_WORK REQUEST_
After locating the line that contains "Ambesonne Purple Stall" in the records below, write out exactly that line and each line after it through the one that contains "Best Risen 3: Titan", and nothing else.

_DATA TO PROCESS_
# # # # # # #
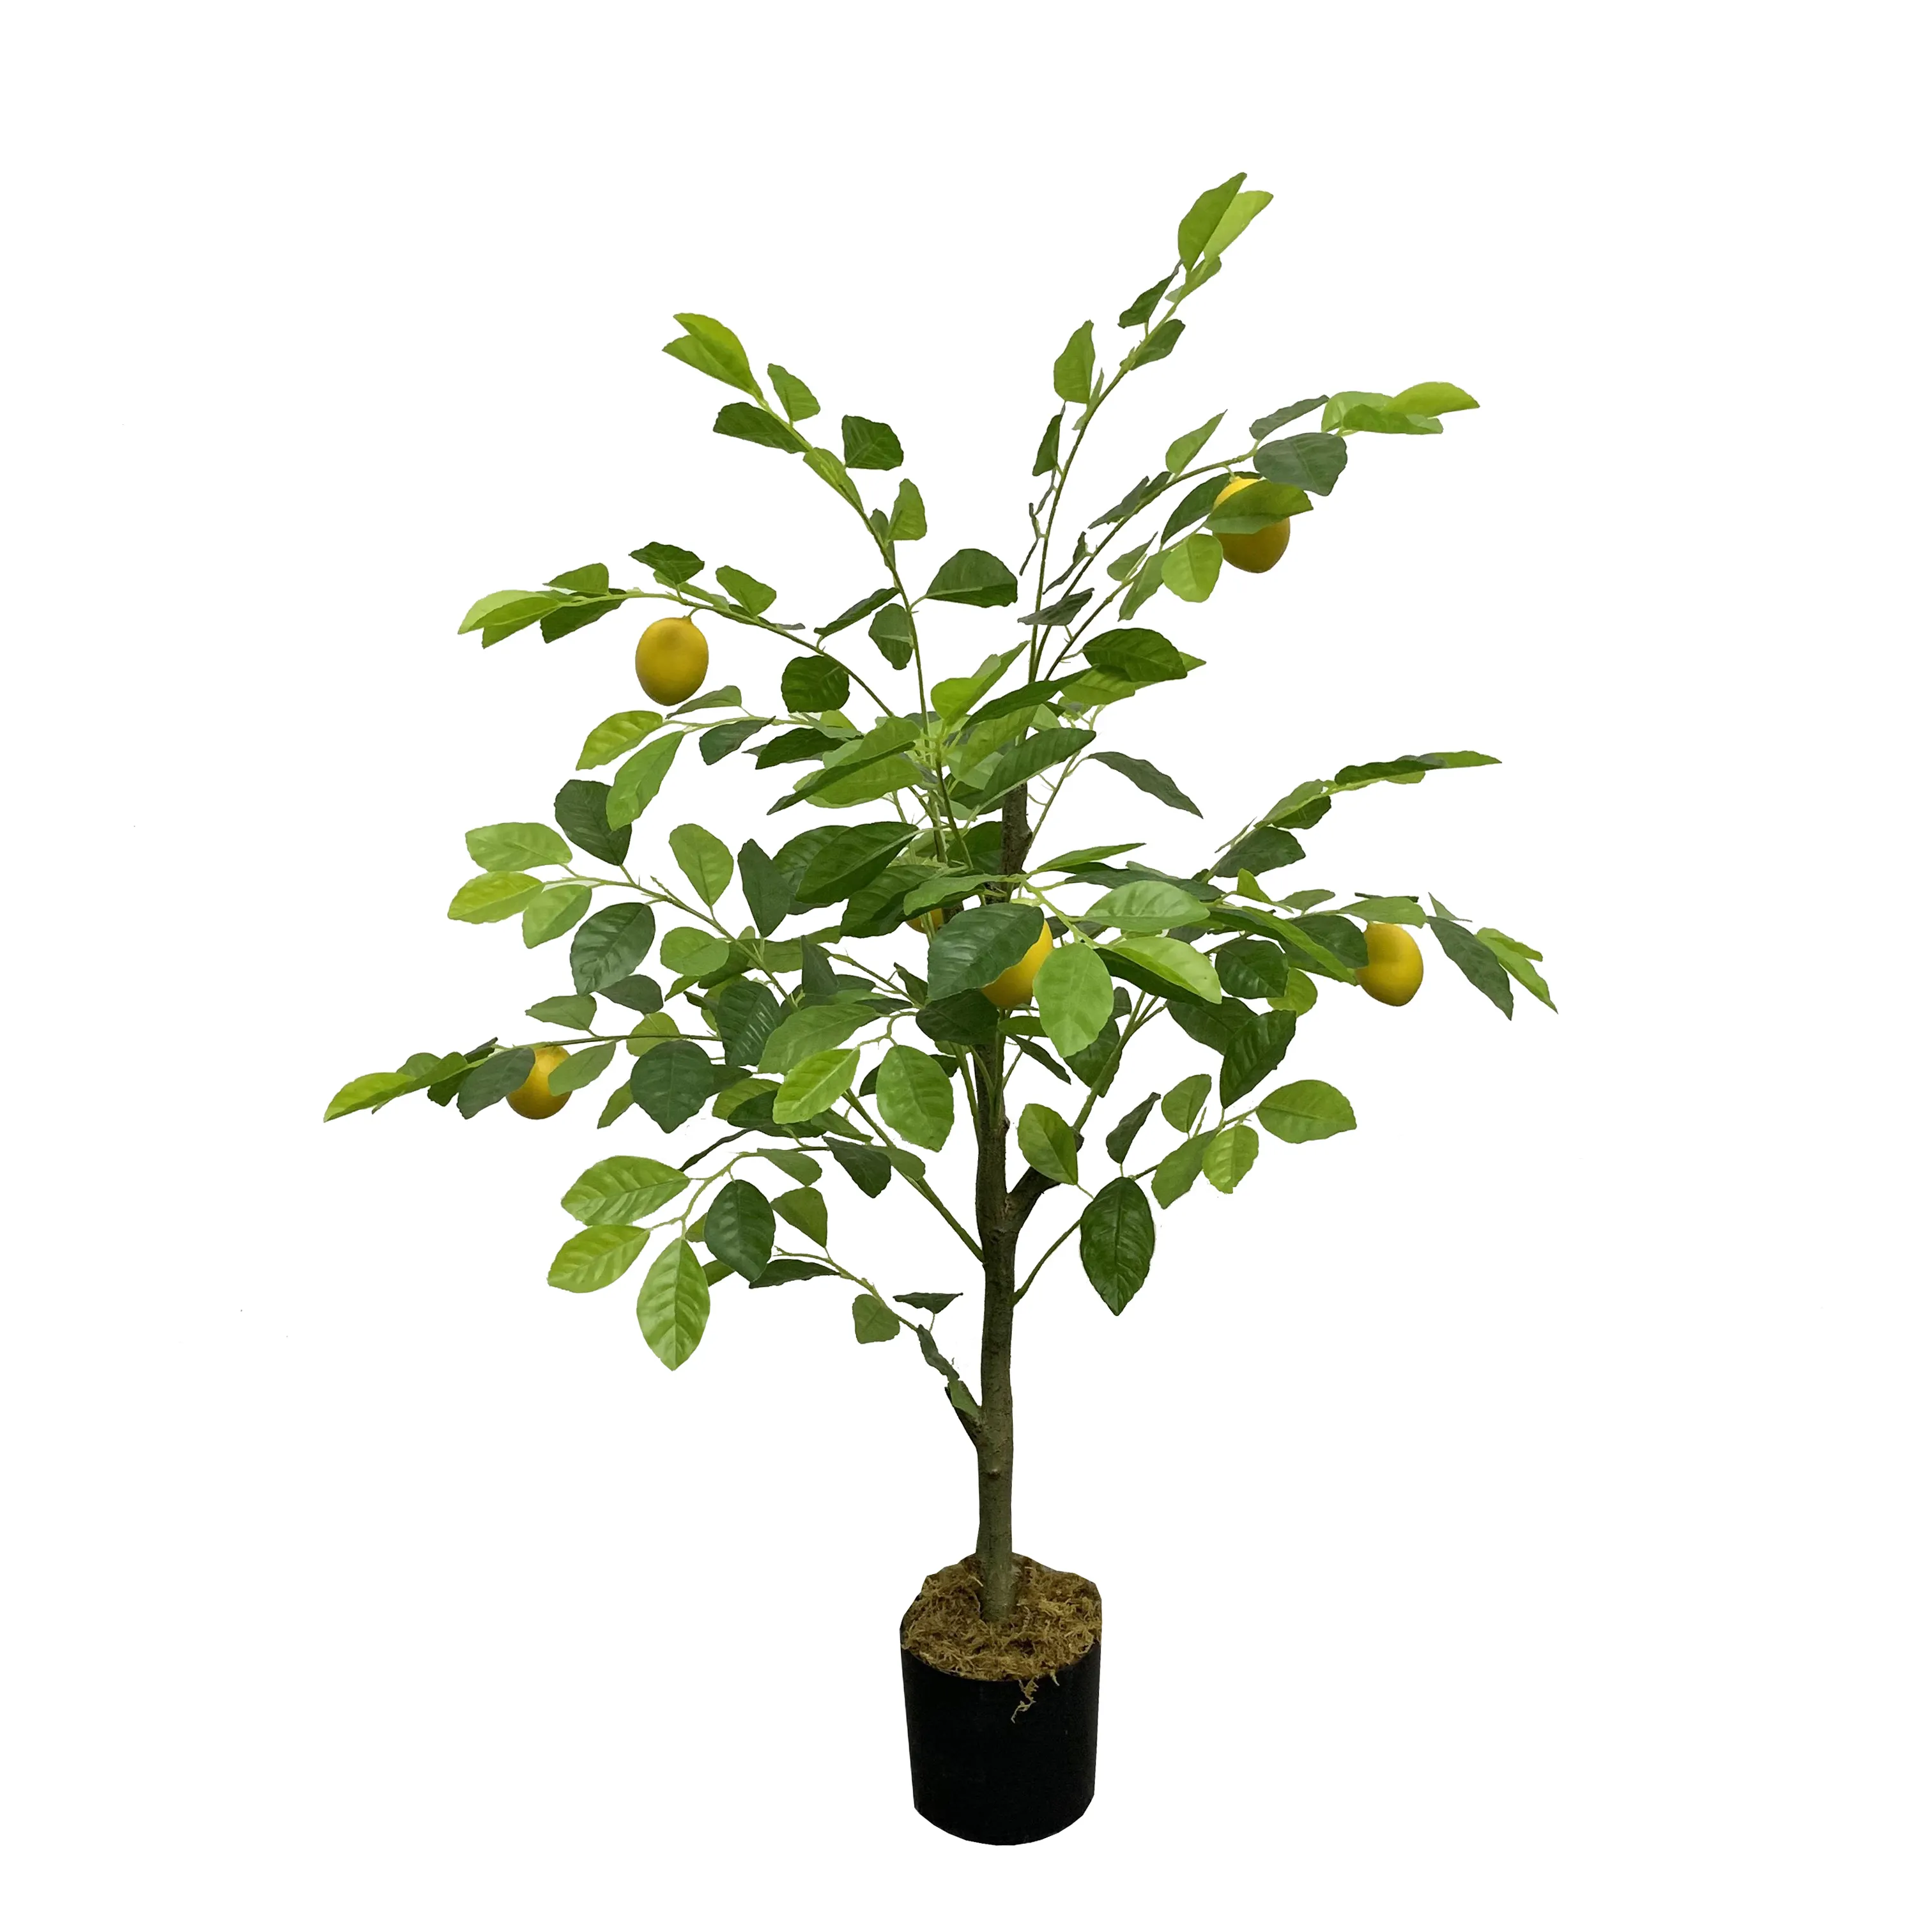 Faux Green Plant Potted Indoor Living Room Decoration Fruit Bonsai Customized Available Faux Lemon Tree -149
# # # # # # #
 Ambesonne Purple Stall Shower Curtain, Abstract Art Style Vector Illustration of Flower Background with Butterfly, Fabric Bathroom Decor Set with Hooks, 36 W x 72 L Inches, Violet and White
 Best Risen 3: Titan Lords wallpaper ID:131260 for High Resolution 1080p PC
# # # # # # #
_RESPONSE_
 Ambesonne Purple Stall Shower Curtain, Abstract Art Style Vector Illustration of Flower Background with Butterfly, Fabric Bathroom Decor Set with Hooks, 36 W x 72 L Inches, Violet and White
 Best Risen 3: Titan Lords wallpaper ID:131260 for High Resolution 1080p PC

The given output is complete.